On April 15, 2026, the NULab for Digital Humanities and Computational Social Science hosted the current Fellows of the UK Research and Innovation-funded Digital Skills in the Arts and Humanities (DISKAH) network for a hybrid presentation. The DISKAH fellows presented their digital humanities projects to faculty, students, and staff at NU London, Boston, and Oakland. 

The first speaker, Dr. Brian Ball, is a Professor of Philosophy at Northeastern University London. Dr. Ball walked through the process of developing and applying python code for the PolyGraphs project. This research aims to understand the effects of mis- and dis-information on the beliefs of networked communities and people within those networks. For someone unfamiliar with network analyses for philosophical research, I was interested to learn how the intricacies of computational analysis affected the research process to understand individuals’ rational behavior and decision-making when encountering false information. 

Dr. Ball coordinated with a colleague in computer science who had developed python code for simulating social distancing, which scales up well to large populations and networks. The PolyGraphs team first imported libraries related to research analyses, specifically the Polygraphs dot analysis processor library, which allows them to grab the needed data and load it to the program. The program produces simulations of the networks and agents within networks, and models their behavior over different operational conditions, such as the quality of information the agents in the network have. Dr. Ball reported the DISKAH fellowship helped him get better at analyzing the synthetic data generated from these simulations.

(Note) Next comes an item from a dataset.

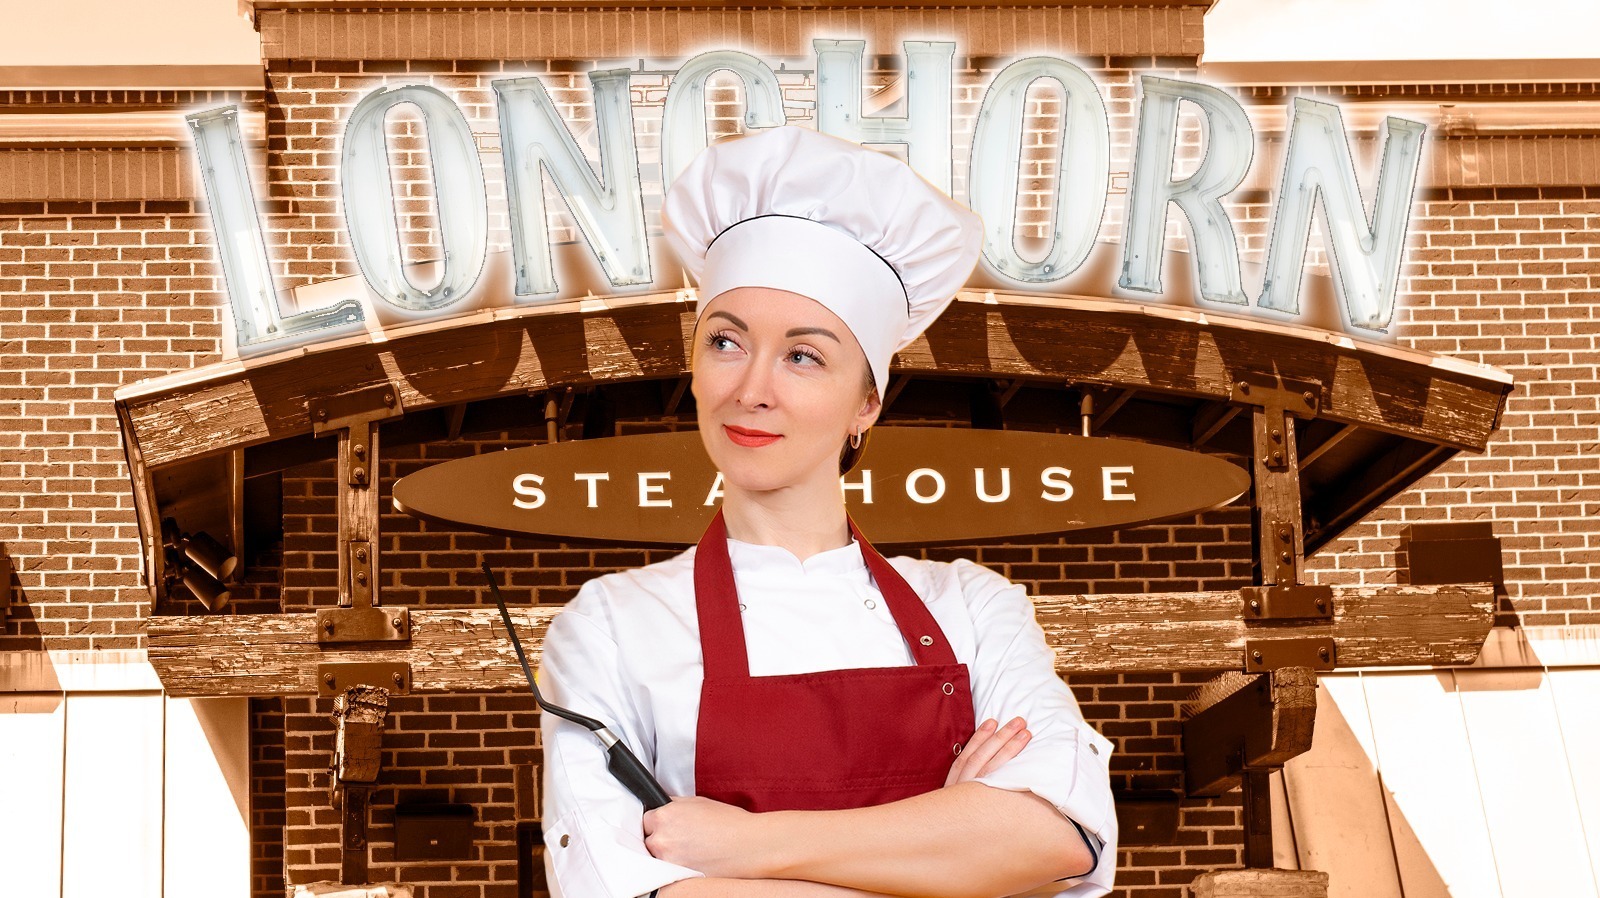 I Worked At Longhorn Steakhouse. Here's What I Learned About It
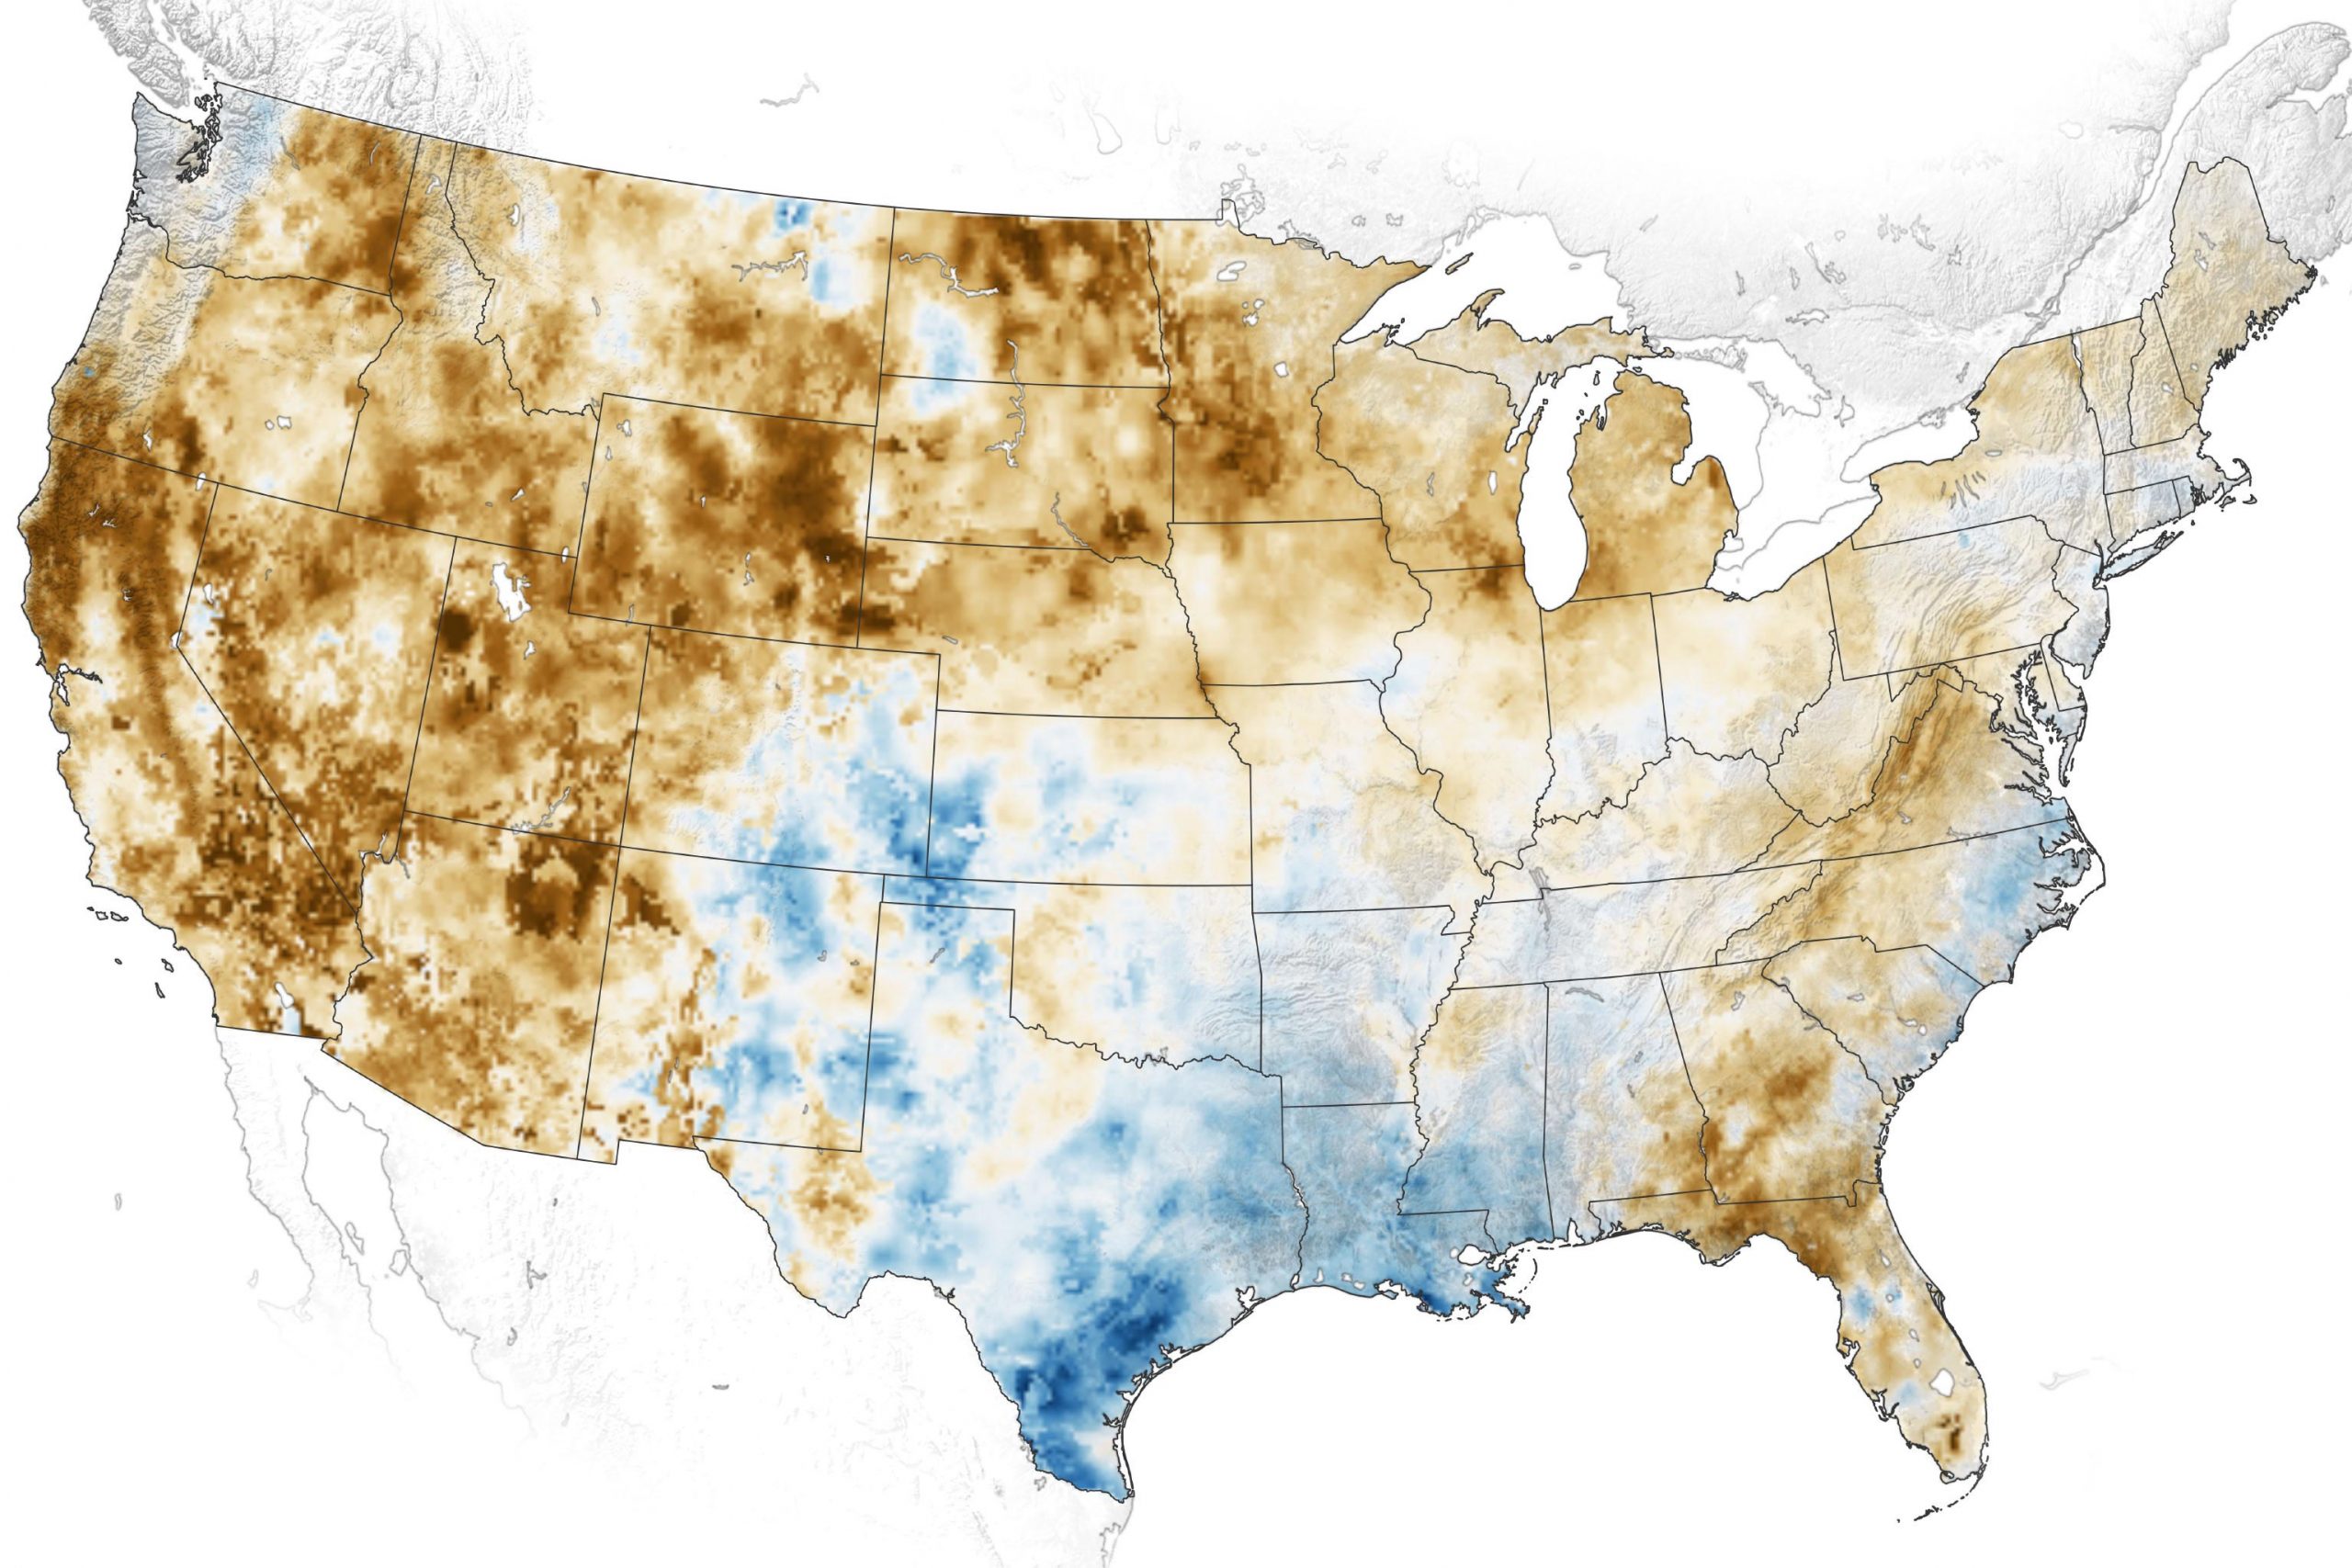 Long-Term Drought Grips the Western U.S. – Soils and Plants Are Parched - SciTechDaily

For each simulation the program produces a network graph with nodes and lines of connection among nodes. Sometimes a simulation runs over thousands of steps, whereas others run over fewer steps to reach a completed simulation. Overall, he used three categories of network simulations: Barabási Albert, Erdos Renyi random, and Stroganz networks, with each having a different network configuration. As agents flip coins in different networks, the nodes of the networks can maintain or change their beliefs depending on the various operational conditions. The iterated simulations produce a graph of how beliefs in truth change over time.

Dr. Ball shared his notebook for attendees to run the code themselves. The project’s analyses compared simulations where agents were more gullible versus those where agents were skeptical of information. When there are a lot of unreliable agents in the network, this skeptical attitude slows down the spread of mis- and dis-information. 

One attendee asked how the project chose probabilities of agents being reliable. Dr. Ball explained he identified these probabilities by choosing a value and exploring the impact through iterated simulations. The project assistant started with a probability of 0.75 and explored 0.5 intervals up to see the effect on networks. In addition, the project looked to modern empirical data to align the simulated probabilities with reality; for example, using the percentage of reliable news sources in Ukraine to get a rough estimate of probable, reliable agents.

A list of the hundred, most-used words in early modern English drama.
Figure 1: The hundred, most-used words in early modern English drama, including works like “the,” “be,” “and,” “I.”

The next speaker, Dr. Gabriel Egan is a Professor of Shakespeare Studies at DeMontfort University. His research focused on computational stylistics of Shakespeare’s writings. This work stems from the idea that computational analyses can help researchers identify distinctive writing styles, and how impersonators can use these styles and mannerisms to mimic writers. The hundred most-used words in early modern drama can reveal the distinctive writing styles of individuals (Figure 1). We each have preferences for using some of these words over others. From these habits, and with enough textual data on authors’ complete works, scholars can identify writing styles with 80–90% reliability. 

In practice, Dr. Egan’s team reviewed works attributed to Shakespeare as well as related, contemporaneous works to understand Shakespeare’s and his counterparts’ writing styles. Dr. Egan’s team mapped and weighted the occurrences of the common words within five words of each other to create Word Adjacency Networks. The diagram captures the unique habits of authors to use certain words within clusters (Figure 2). Dr. Egan explained that beyond five words, the distinctive styles of authors are less noticeable and lost in the broader context. The intent is to create these Word Adjacency networks for authors’ complete works and compare them to credibly attribute authorship. In addition, the project developed tables tracking the probabilities of the common words usage within five words of each other.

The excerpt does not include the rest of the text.